With the Bank of Canada essentially taking itself out of the game by signalling interest rates won't be raised for some time, Flaherty said Monday after meeting with about a dozen economists that it falls on his department to ensure the market is stabilized.
"It does fall to the Department of Finance to do anything if we're going to do anything because there's basically no room for the Bank of Canada to move," he said.
"Some of the economists suggested I have some conversations with people in the building industry because what we're seeing in certain parts of the country (is) a re-acceleration of housing prices. I do speak regularly to people in the business and I'm going to do more of it now."
Flaherty said he has no intention of acting at the moment, but said he was keeping an eye on the market to see if the current uptick in sales and prices is temporary or the beginning of another hot run.
Most economists see the market slowing after the recent resurgence, including the Bank of Canada. But the central bank also cited the "renewed momentum" as one of three domestic risks to the economy in its October monetary policy report.
"This (the resurgence) would provide a temporary boost to economic activity, but could exacerbate existing imbalances and therefore increase the probability of a correction later on," the bank said. "Such a correction could have sizable spillover effects to other parts of the economy and to inflation."
The minister has been active in the housing market throughout his tenure, at first easing rules but more recently clamping down as Canadians took on ever-increasing debt levels to buy real estate.

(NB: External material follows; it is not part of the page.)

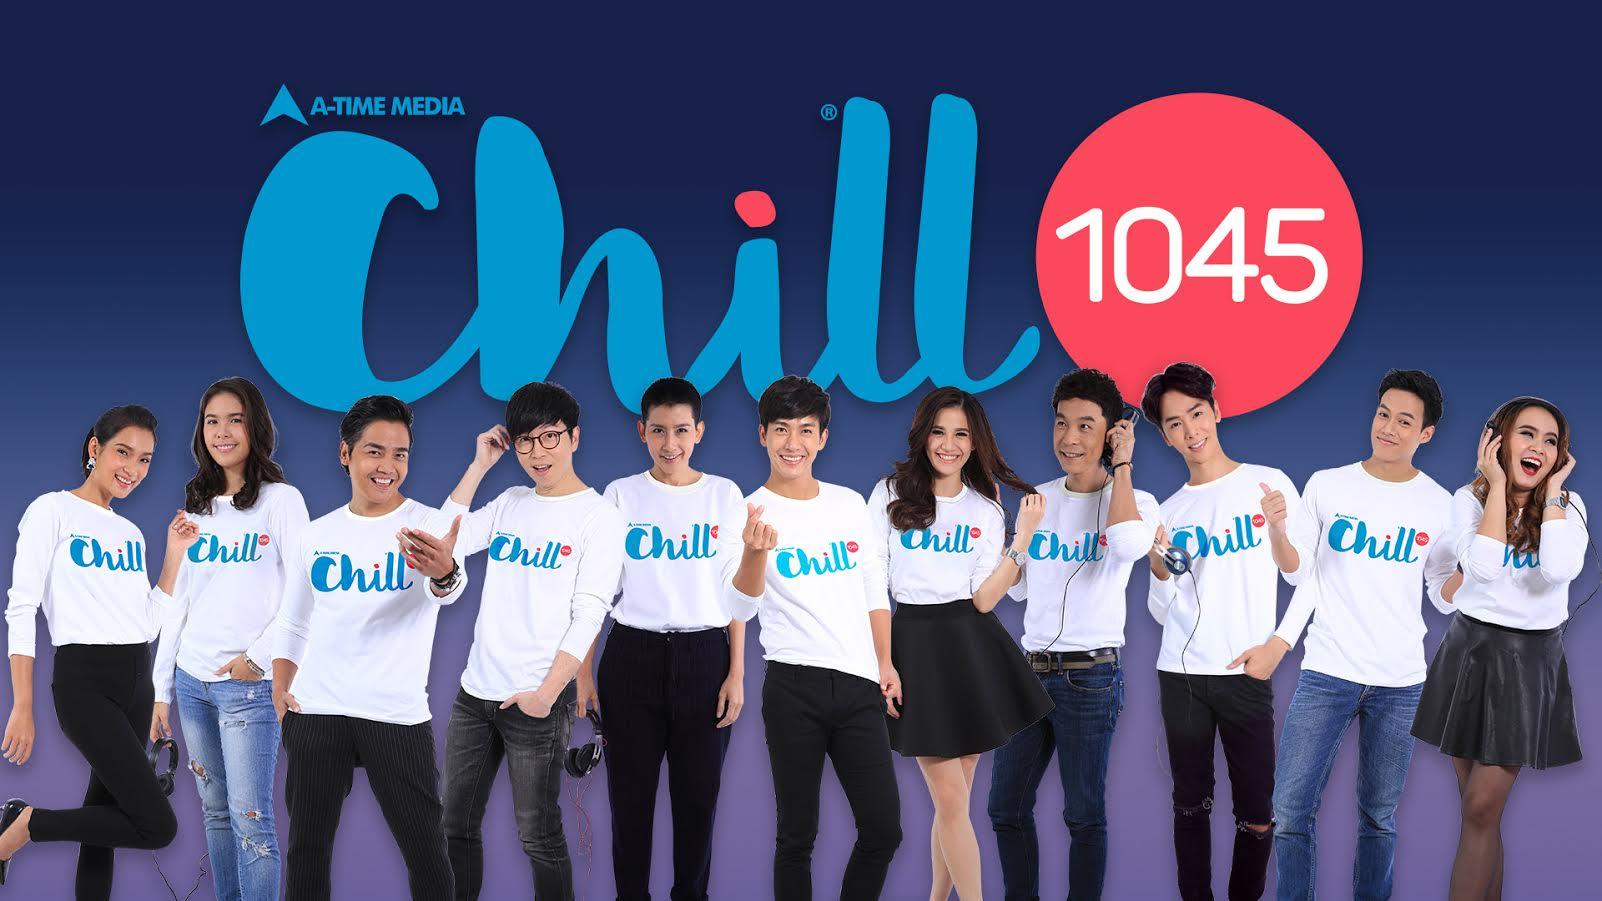 Chill 104.5 FM

The latest measure, which came in July 2012, was followed by a slump in sales and a slowdown in price gains. But the market began picking up again during the summer, particularly in Toronto and Vancouver, with the average home price hitting a new record high of almost $386,000.
Home prices are not Flaherty's only worry.

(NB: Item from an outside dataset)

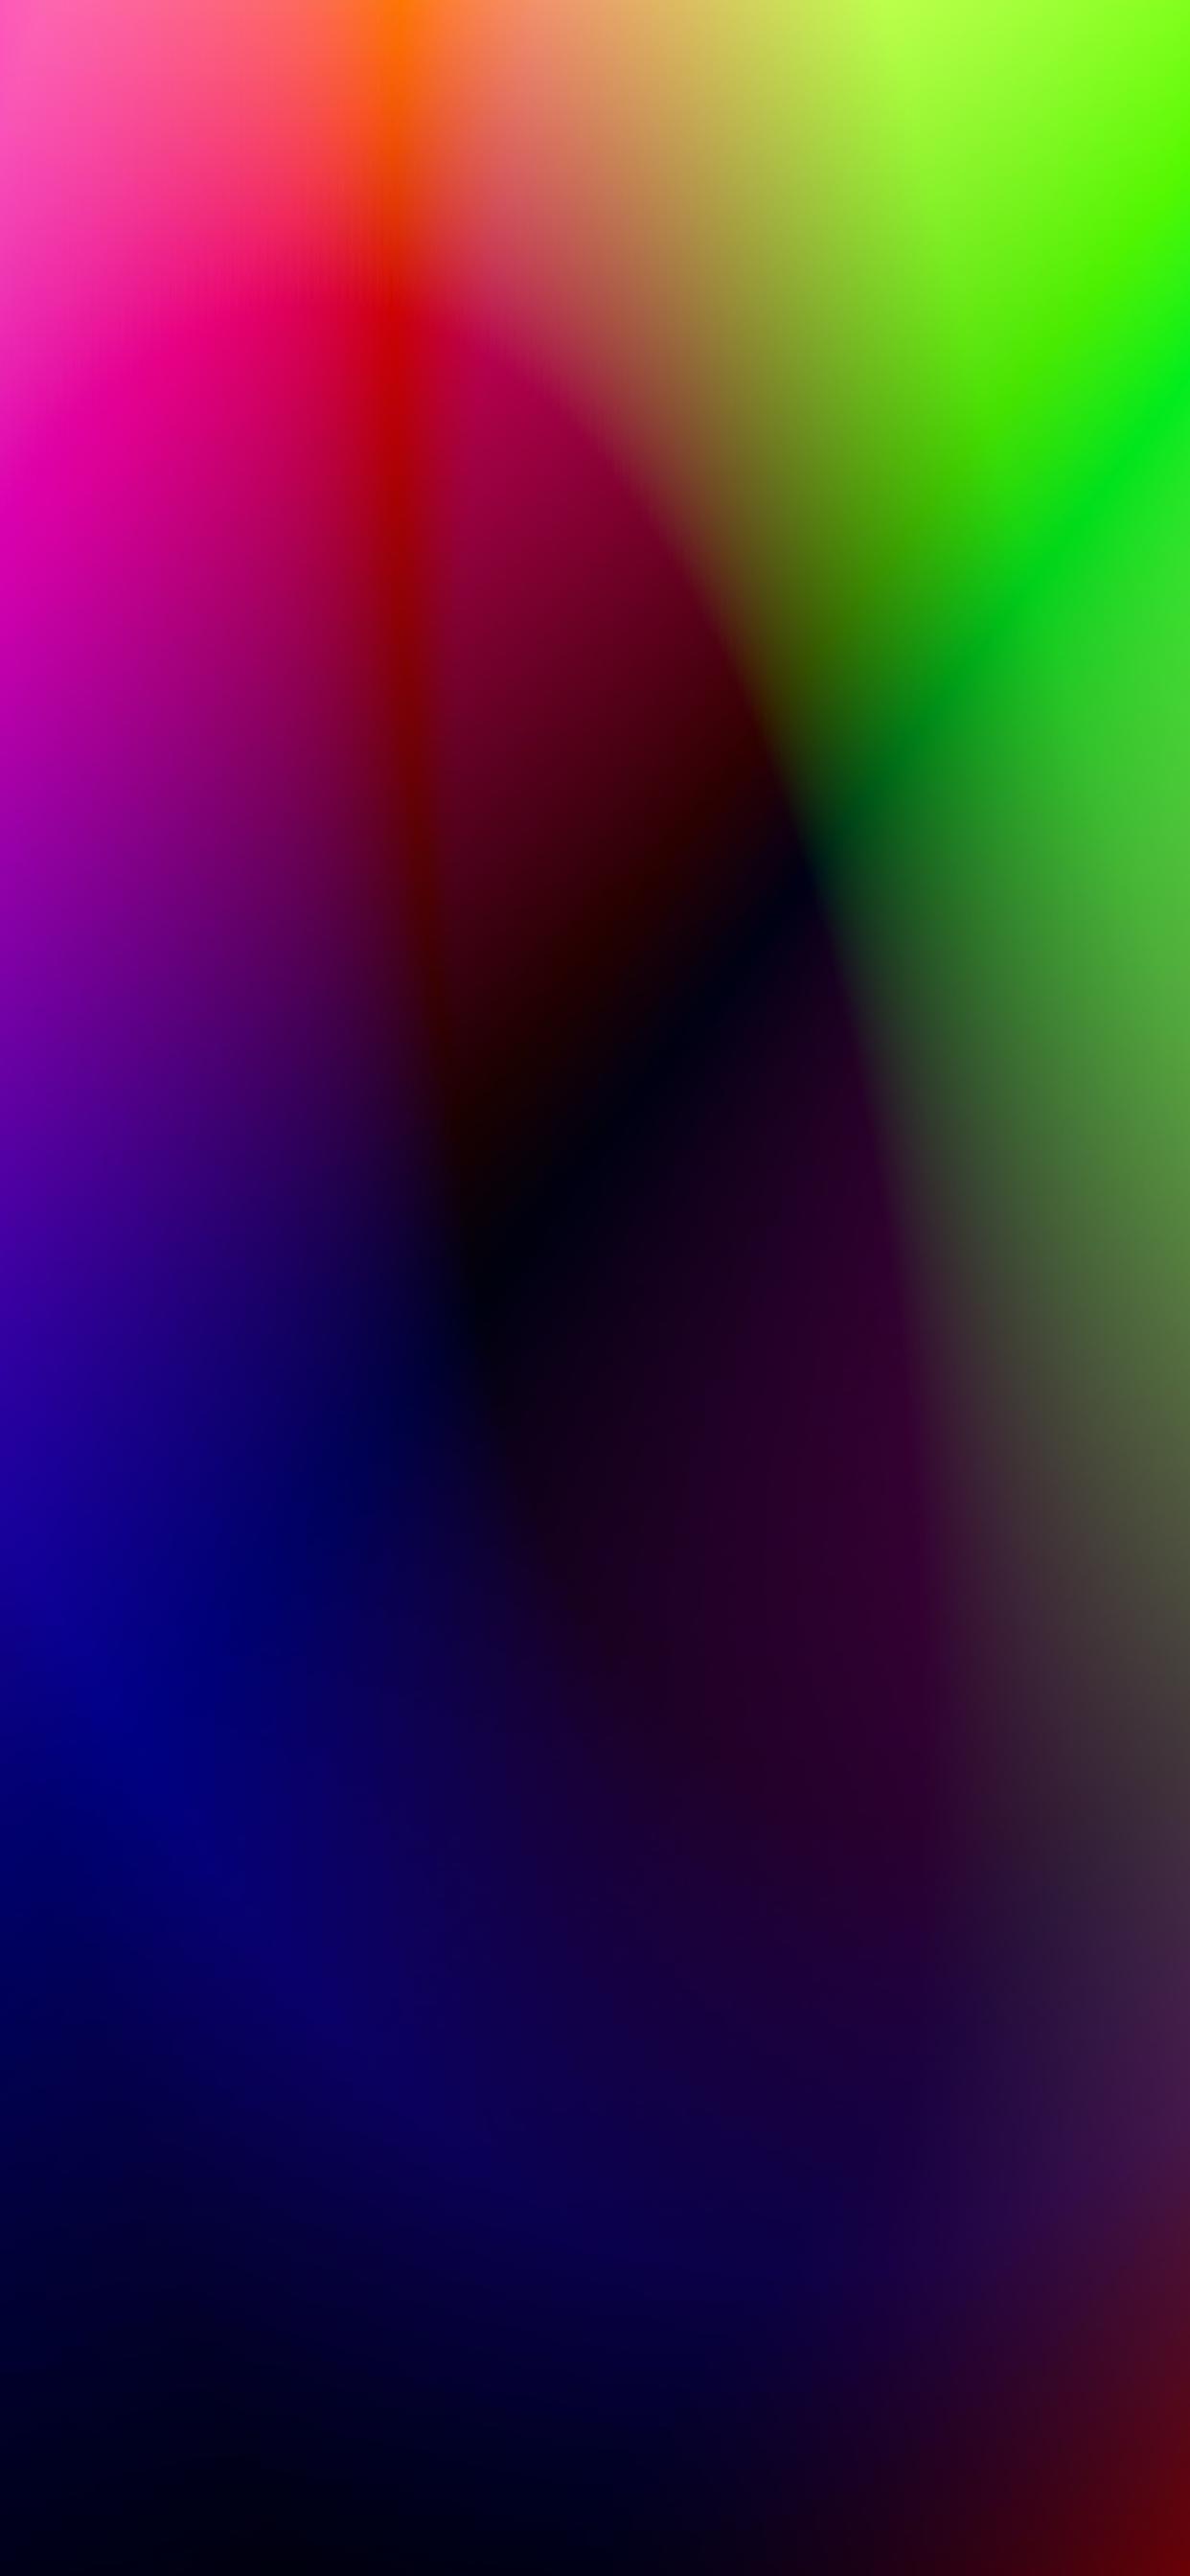 iPhone wallpapers gradient colors purple green blue Fonds d'écran iPhone du 27/05/2020

The minister told reporters he remains focused on trying to eliminate as much as possible the price gap between the United States and Canada that one recent report pegged at about 10 per cent.
Flaherty said he has been meeting with CEOs of the country's major retailers to ask for explanations as to why prices for the same items remain elevated in Canada, adding that he is not altogether persuaded by the answers he has been given.
"There are some companies that look at Canada as a relatively small market that is relative well off, (with a) large middle class, and, 'Let them pay a little more, and they'll pay it.'," he said of merchant attitudes.
However, Flaherty said he will wait until the results of a study being conducted by the market research firm Nielsen before deciding if anything needs to be done.
"It becomes an interesting question of what the government can do about that ... there are always persuasive techniques that can be used to nudge people in the right direction," he said.
The minister has deployed the approach before.
Earlier this year he personally phoned the Bank of Montreal to "persuade" it to raise its five-year fixed mortgage rate after BMO cut it to 2.99 per cent. Flaherty said he was concerned about a race to the bottom on rates that would trigger unsustainable borrowing.